As a photographer, Nick was ever ready and ever present, leaving behind many
thousands of pre-digital images, dating well back into the 1950's. He carried
a camera with him at all times, usually a family of cameras. If you knew Nick,
you got used to this ... eventually, he'd be pointing his camera at you.

I (the Archivist) am working to post Nick's images in their original sets as
they are scanned and processed, somewhere in the order of 20-50 images a day.
For those wondering about an endgame, as in "How much longer can this possibly
go on?", I can only answer, "The mountain is high, the journey is long."

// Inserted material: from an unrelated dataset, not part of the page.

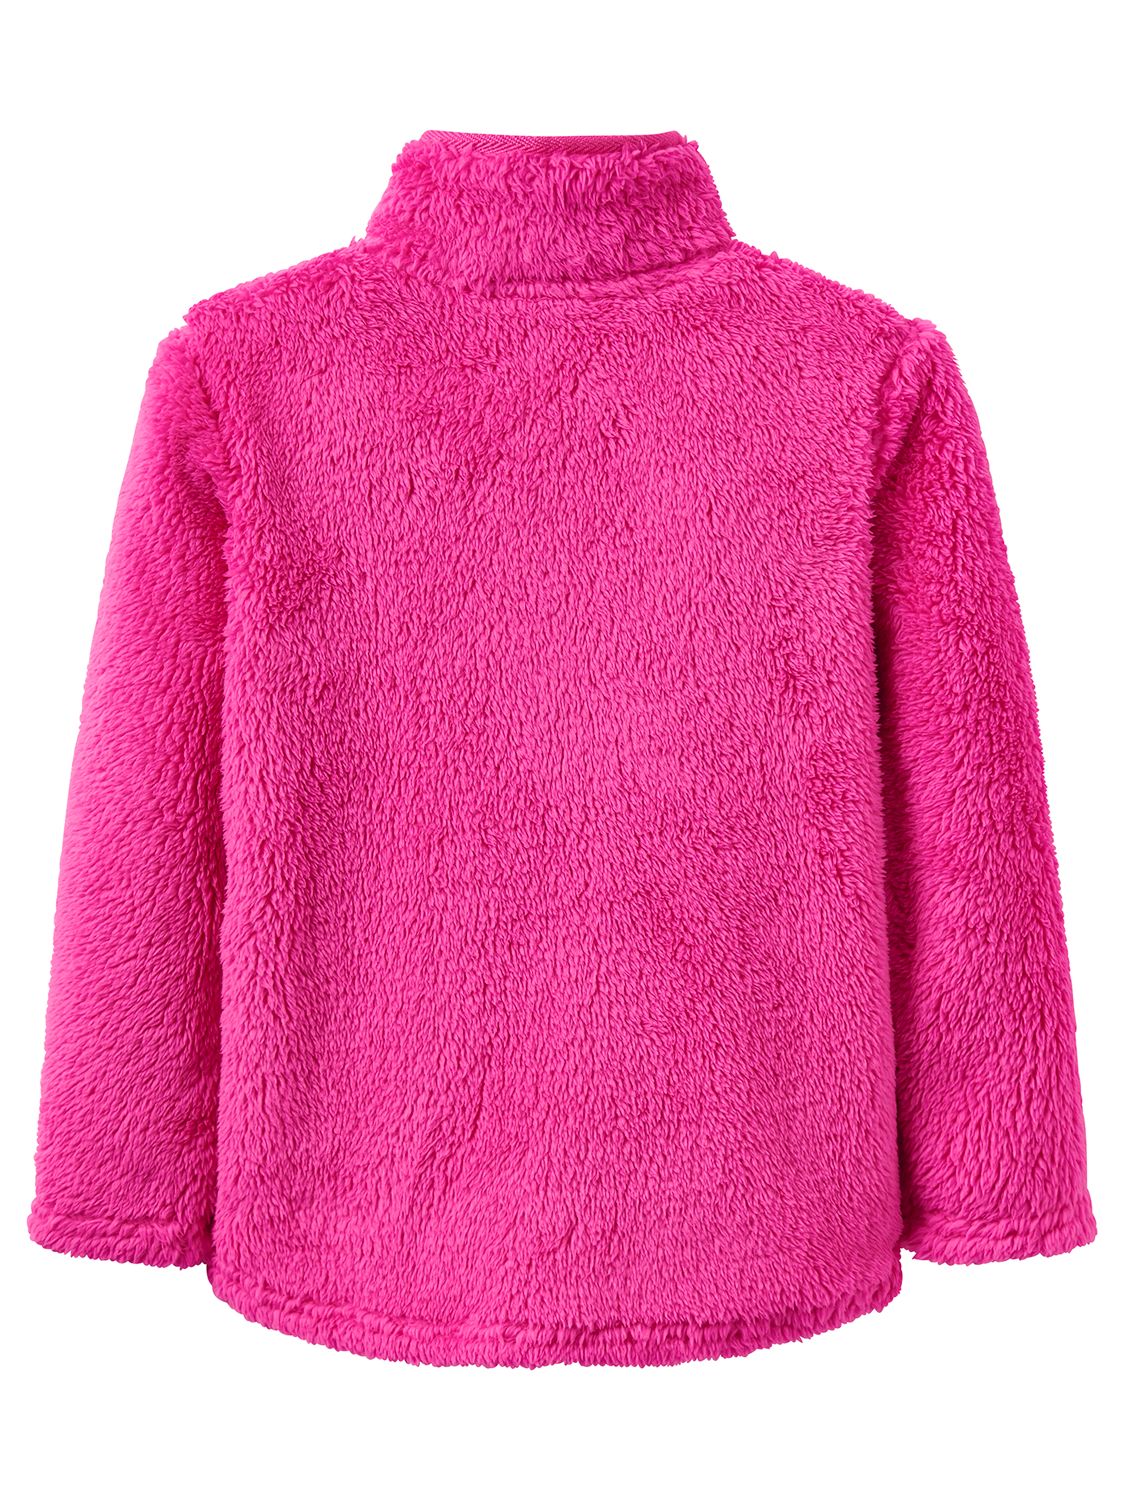 Little Joule Girls' Fluffy Half Zip Fleece, Pink

It is my hope and intent to eventually digitize every picture Nick DeWolf ever
shot. It is also my hope and intent to post the images here on the web for the
scattered members of the DeWolf family, and the public at large, to enjoy.

Nothing would have tickled Nick more.

So, here we go...the world through the eyes of my father-in-law, Nick DeWolf.

Enjoy....

Steve Lundeen, Archivist / Seattle, WA, USA

~sl _